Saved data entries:
________________________________________
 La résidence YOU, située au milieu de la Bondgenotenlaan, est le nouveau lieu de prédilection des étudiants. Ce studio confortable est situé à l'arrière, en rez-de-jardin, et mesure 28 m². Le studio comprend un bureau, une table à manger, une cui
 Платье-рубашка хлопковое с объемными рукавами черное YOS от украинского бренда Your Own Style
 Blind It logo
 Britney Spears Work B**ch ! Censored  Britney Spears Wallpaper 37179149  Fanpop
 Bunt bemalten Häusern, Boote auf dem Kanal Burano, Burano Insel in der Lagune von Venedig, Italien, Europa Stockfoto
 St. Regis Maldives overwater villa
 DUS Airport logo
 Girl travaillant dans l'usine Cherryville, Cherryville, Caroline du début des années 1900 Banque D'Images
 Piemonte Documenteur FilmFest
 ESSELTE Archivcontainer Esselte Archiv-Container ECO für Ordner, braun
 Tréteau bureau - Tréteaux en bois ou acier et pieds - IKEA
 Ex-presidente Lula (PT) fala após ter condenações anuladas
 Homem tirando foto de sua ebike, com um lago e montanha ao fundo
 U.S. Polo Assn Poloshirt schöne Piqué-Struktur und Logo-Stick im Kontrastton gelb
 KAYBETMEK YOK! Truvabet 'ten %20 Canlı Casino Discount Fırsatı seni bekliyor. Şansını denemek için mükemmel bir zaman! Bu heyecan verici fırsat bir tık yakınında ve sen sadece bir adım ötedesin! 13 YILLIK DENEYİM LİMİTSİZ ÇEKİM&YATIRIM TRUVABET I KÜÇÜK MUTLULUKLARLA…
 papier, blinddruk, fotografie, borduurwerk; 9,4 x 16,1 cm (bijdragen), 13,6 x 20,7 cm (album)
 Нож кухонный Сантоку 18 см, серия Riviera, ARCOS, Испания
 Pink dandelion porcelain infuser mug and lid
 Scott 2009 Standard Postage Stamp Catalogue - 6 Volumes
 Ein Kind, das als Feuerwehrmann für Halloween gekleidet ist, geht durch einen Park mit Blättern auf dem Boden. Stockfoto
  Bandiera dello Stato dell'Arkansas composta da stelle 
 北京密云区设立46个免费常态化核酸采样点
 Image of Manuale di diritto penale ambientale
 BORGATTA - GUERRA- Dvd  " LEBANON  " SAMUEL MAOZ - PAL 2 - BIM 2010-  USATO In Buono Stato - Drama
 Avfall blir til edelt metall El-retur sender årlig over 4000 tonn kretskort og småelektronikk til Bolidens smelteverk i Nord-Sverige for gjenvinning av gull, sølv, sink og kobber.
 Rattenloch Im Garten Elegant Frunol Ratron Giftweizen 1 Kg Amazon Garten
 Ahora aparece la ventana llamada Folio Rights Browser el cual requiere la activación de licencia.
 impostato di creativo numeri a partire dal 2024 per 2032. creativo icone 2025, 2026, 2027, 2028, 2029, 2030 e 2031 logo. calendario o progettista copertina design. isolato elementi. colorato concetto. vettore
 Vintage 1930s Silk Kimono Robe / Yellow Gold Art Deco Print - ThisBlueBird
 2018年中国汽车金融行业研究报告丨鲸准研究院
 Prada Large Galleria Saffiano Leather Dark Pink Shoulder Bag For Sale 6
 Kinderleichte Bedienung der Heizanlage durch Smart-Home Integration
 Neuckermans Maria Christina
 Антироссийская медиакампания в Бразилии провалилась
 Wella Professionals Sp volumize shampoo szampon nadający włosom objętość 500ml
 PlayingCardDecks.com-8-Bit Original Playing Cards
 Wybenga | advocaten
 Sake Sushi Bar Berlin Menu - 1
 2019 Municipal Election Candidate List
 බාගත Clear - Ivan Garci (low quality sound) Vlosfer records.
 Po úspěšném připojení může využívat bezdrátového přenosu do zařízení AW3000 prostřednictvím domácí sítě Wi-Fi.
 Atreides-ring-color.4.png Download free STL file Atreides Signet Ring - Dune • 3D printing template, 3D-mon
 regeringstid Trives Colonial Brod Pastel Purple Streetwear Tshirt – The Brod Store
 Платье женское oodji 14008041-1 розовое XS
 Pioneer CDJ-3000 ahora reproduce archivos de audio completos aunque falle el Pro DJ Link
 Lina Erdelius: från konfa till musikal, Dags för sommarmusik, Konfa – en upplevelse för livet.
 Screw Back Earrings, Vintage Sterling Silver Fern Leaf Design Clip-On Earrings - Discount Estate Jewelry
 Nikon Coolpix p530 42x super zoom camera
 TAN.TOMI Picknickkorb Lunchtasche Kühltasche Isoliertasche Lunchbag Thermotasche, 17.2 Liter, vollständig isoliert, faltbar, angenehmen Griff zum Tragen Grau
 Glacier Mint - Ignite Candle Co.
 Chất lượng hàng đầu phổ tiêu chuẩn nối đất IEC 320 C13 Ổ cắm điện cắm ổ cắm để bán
________________________________________
Required work =>
Lines from the one containing "Atreides-ring-color.4.png Download free" through the last line of the data above are the only output wanted; restate them exactly.

Answer for this exercise =>
 Atreides-ring-color.4.png Download free STL file Atreides Signet Ring - Dune • 3D printing template, 3D-mon
 regeringstid Trives Colonial Brod Pastel Purple Streetwear Tshirt – The Brod Store
 Платье женское oodji 14008041-1 розовое XS
 Pioneer CDJ-3000 ahora reproduce archivos de audio completos aunque falle el Pro DJ Link
 Lina Erdelius: från konfa till musikal, Dags för sommarmusik, Konfa – en upplevelse för livet.
 Screw Back Earrings, Vintage Sterling Silver Fern Leaf Design Clip-On Earrings - Discount Estate Jewelry
 Nikon Coolpix p530 42x super zoom camera
 TAN.TOMI Picknickkorb Lunchtasche Kühltasche Isoliertasche Lunchbag Thermotasche, 17.2 Liter, vollständig isoliert, faltbar, angenehmen Griff zum Tragen Grau
 Glacier Mint - Ignite Candle Co.
 Chất lượng hàng đầu phổ tiêu chuẩn nối đất IEC 320 C13 Ổ cắm điện cắm ổ cắm để bán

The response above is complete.